While the Fintech industry had a joyful 2019 with the highest investment, innovation, and growth levels, the question remains: how high the industry actually fly in 2020?

By Becka MaisuradzePublished 4 years ago 5 min read

The world is increasingly growing digital. It's merely a fact, unbiased and impartial, that is apparent for the most fervent opponents of the technological developments.

One of the most obvious cases of technological transformation can be witnessed in the financial industry. Long have gone times when our only options for buying things was paper cash.

Now, we can execute even the most complicated financial tasks at our homes, lying on the couch, and operating via our smartphone. Why, we can even order things from the most distant places and have them in place after a week's time.

To put it in a nutshell, the financial world and Fintech inventions are dominated by online products and services. And that's the route we should expect the industry will take for the foreseeable future.

The year 2019 was a great year for Fintech. Whether we're talking about the top UAE Forex brokers or the American Fintech market innovators, the exponential growth, massive investments and innovation levels, and the overall healthiness of the industry is making many people believe that the year 2020 is going to be even better.

Well, why don't we take a look at some of the trends that have already begun and are likely to see their ultimate climax in 2020.

Rise of the Banking-as-a-Service (BaaS)

The current banking system is built on a legacy banking platform which has been the main driver of this industry for ages. And while it certainly has its use, that time has already gone.

In 2019, we have witnessed major technical outages of the big banks like NatWest and HSBC, and the pressure from the industry, as well as from customers is so high that these banks might finally listen to those calls and switch to the much newer platforms.

Banking-as-a-Service (BaaS) might be the most obvious choice in 2020. It is the online-based financial system that ensures every process is executed in real time, all at once. This is a platform that many new Fintech startups are using to meet the requirements of their customers.

And while those big banks might also be driven to improve customer service of their companies, even more important aspect for them might be the fact that the BaaS system s far more cost-efficient than the legacy platform. And since BaaS is already a cloud-based system, incorporating blockchain, AI, and other innovations in it won't be a problem at all.

The end of banks?

Many Fintech enthusiasts are suggesting that the overwhelming technological advancement of this field leaves the banks redundant, obsolete even. They suggest that the whole industry will be stripped off these institutions and only the most specialized institutions will remain on the market.

Now, I personally don't think that banks are going somewhere in the foreseeable future, let alone in 2020. They still hold the majority of people's capital, and more importantly - their trust. While Fintech startups and their products/services might be more innovative and effective, when it comes to dealing with money, people usually stay away from the uncharted territories.

Instead of banks dying out, I think they will become much more specialized, offering the individual products/services and not stretching out with a diverse offering portfolio.

This might actually be true because many banks are already heavily dependent on smaller Fintechs, expecting them to provide technical support and help go through various changes in one piece. Therefore, it's already clear that they're not capable of running such large corporations with lots of offerings.

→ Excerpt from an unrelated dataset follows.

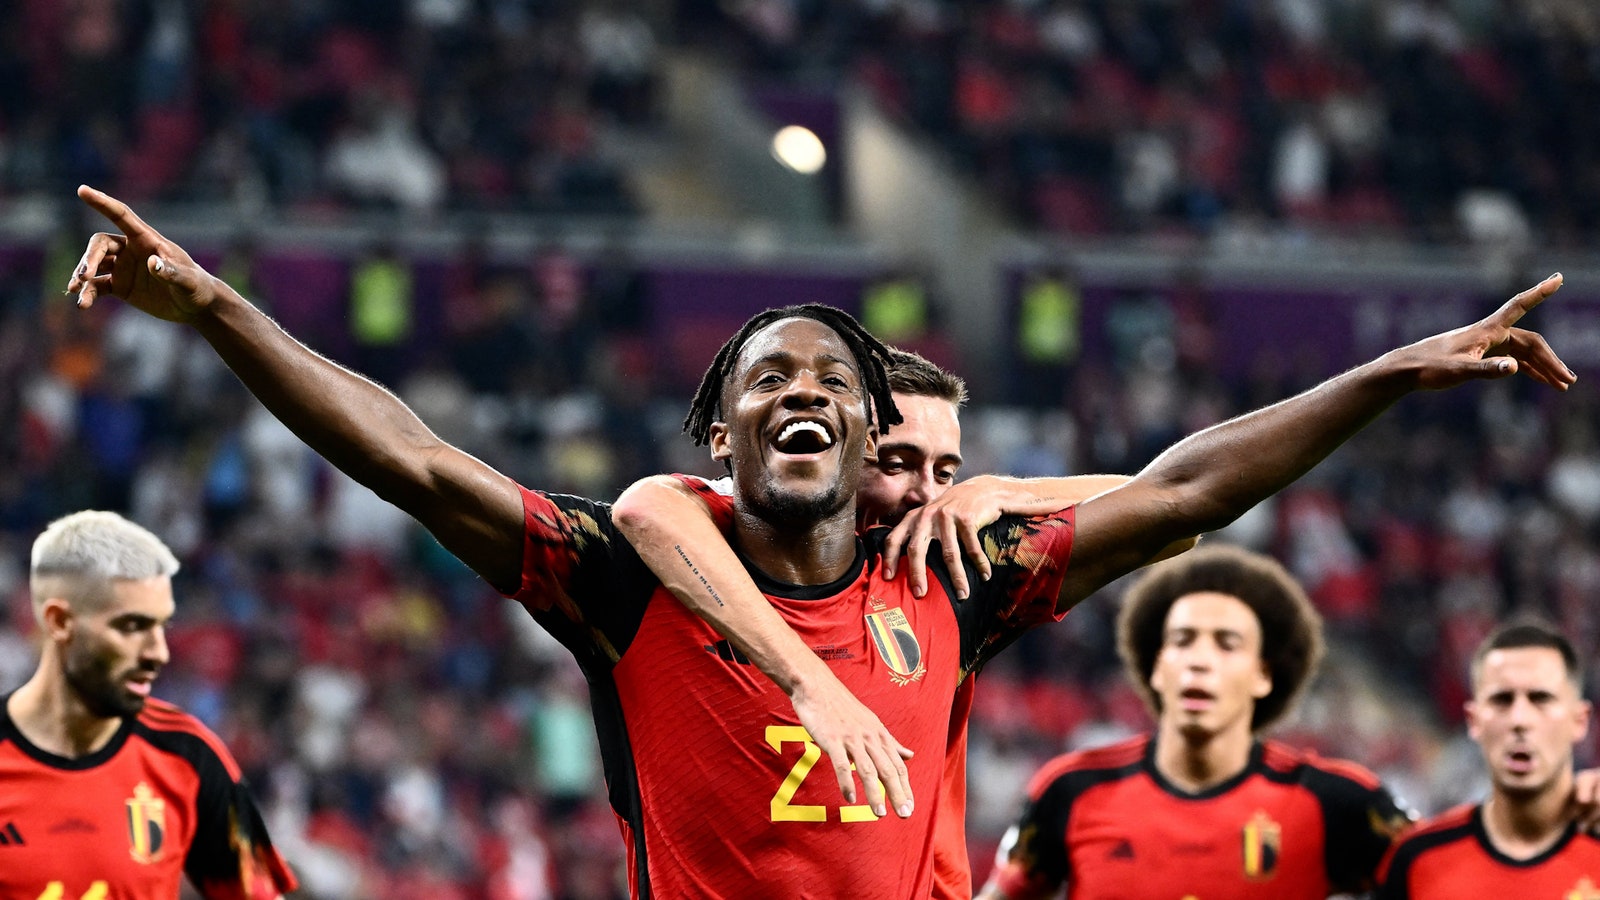 Belgium's Michy Batshuayi scored against Canada in the 44th minute.

New technologies in banking

We have already mentioned the innovative technologies in banking and how adopting them can become possible by the BaaS and cloud banking platforms. Now, many banks and other financial institutions are already realizing the potential blockchain, AI, AR, and other pieces of technology have, but so far, they have been very slow in terms of actually incorporating them.

In 2020, we might actually see this trend accelerate, witnessing the rise of digital finances more rapidly than ever. Just to look at blockchain, this platform is already changing the industries. It allows providers to have one of the most secure ledgers for their clients, execute transactions instantly, and be anonymous while doing it.

And as we plunge into the new decade, it's highly possible that banking and innovation become inseparable terms.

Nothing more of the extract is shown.